Highlights & Insights¶
- Design paradigm of LLM as a feature extractor rather than a classifier: Stepping away from the paradigm of "using LLMs directly for prediction," this approach converts the language understanding capabilities of LLMs into structured features for traditional ML. This LLM+ML hybrid paradigm provides valuable insights for various application domains.
- Ingenious design of QA-based feature scoring: Unstructured health reports are transformed into 152-dimensional numerical features via 152 medical questions, which leverages the semantic understanding of LLMs while preserving the interpretability and stability of ML.
Limitations & Future Work¶
- Evaluated only on a single Chinese dataset (IMCS-21, 10 pediatric diseases), leading to questionable generalizability.
- Reliance on OpenAI APIs (GPT-4 Turbo) raises data privacy and cost concerns.
- Constructing the 152 questions and the disease-symptom knowledge base still requires the participation of domain experts.
- High system latency (multiple LLM calls + RAG retrieval) makes it unsuitable for real-time diagnostic scenarios.
- Only two ablation configurations were tested, without analyzing the independent contributions and interaction effects of each module.
Related Work & Insights¶
- vs CPLLM: CPLLM directly uses fine-tuned LLMs for clinical prediction; Health-LLM uses LLMs for feature extraction and ML for prediction, achieving superior performance.

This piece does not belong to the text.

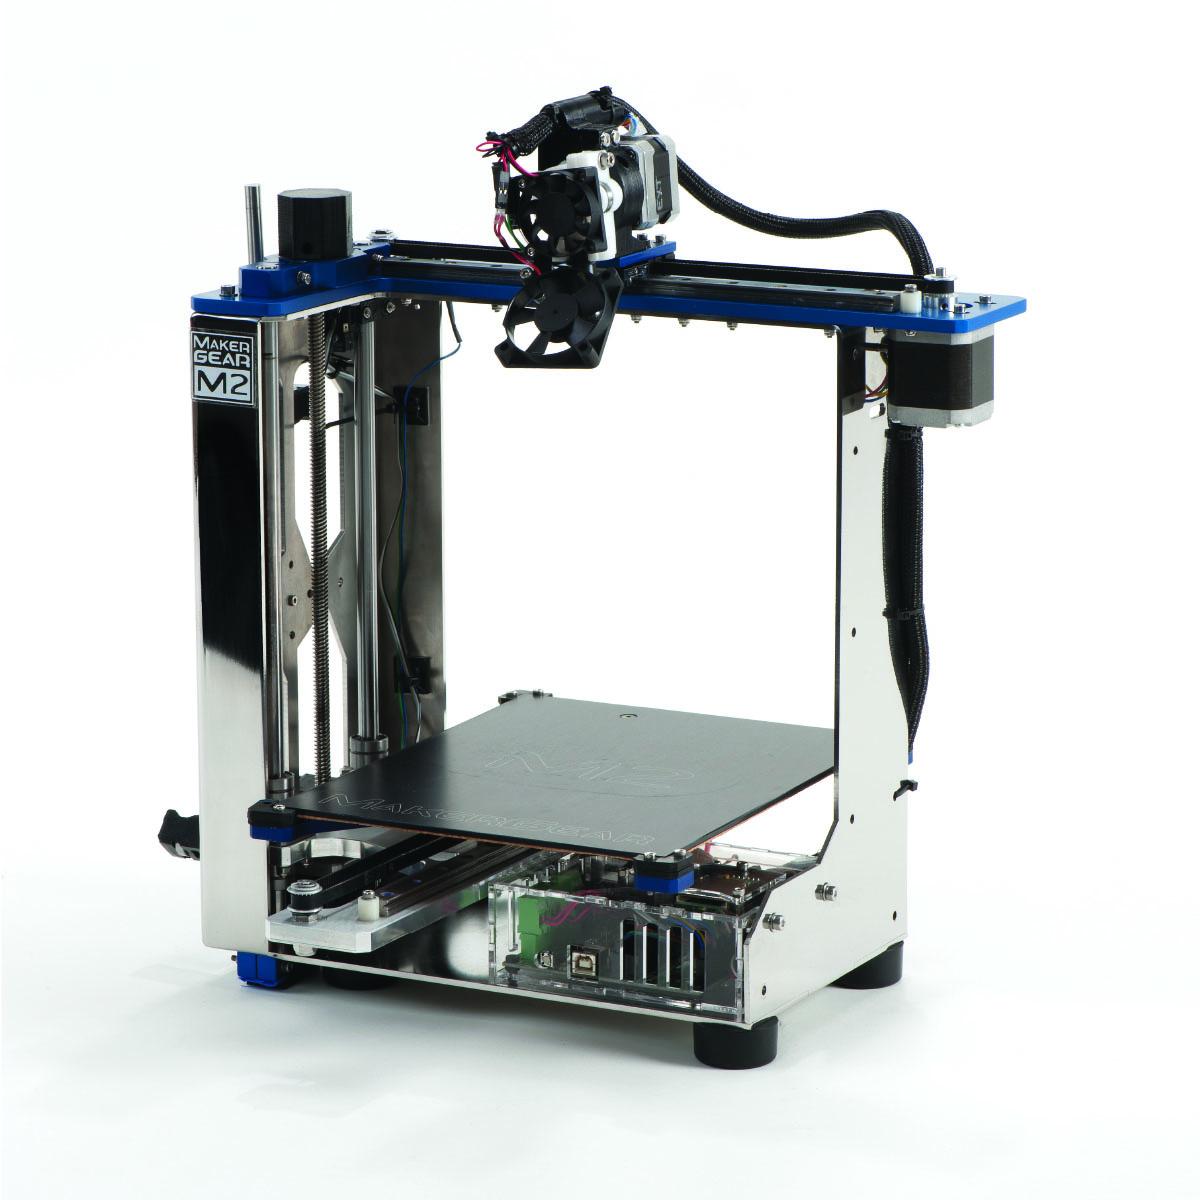 MakerGear M2

- vs AMIE (Google): AMIE acts as an interactive diagnostic agent; Health-LLM focuses on batch prediction from report data.
- vs fine-tuned LLaMA-2: Fine-tuning requires large amounts of labeled data and necessitates re-training for each new task, whereas Health-LLM's QA-based featurization provides greater flexibility.
Rating¶
- Novelty: ⭐⭐⭐⭐ The combined pipeline of LLM+RAG+XGBoost has practical value, though the individual components are not original.
- Experimental Thoroughness: ⭐⭐⭐⭐ The baselines cover a wide range (traditional ML + LLM + fine-tuning), but are limited by a single dataset and insufficient ablation analysis.
- Writing Quality: ⭐⭐⭐⭐ The system description is clear, but preprocessing details for IMCS-21 are not sufficiently transparent.
- Value: ⭐⭐⭐⭐ Offers significant engineering reference value for the design of medical AI systems.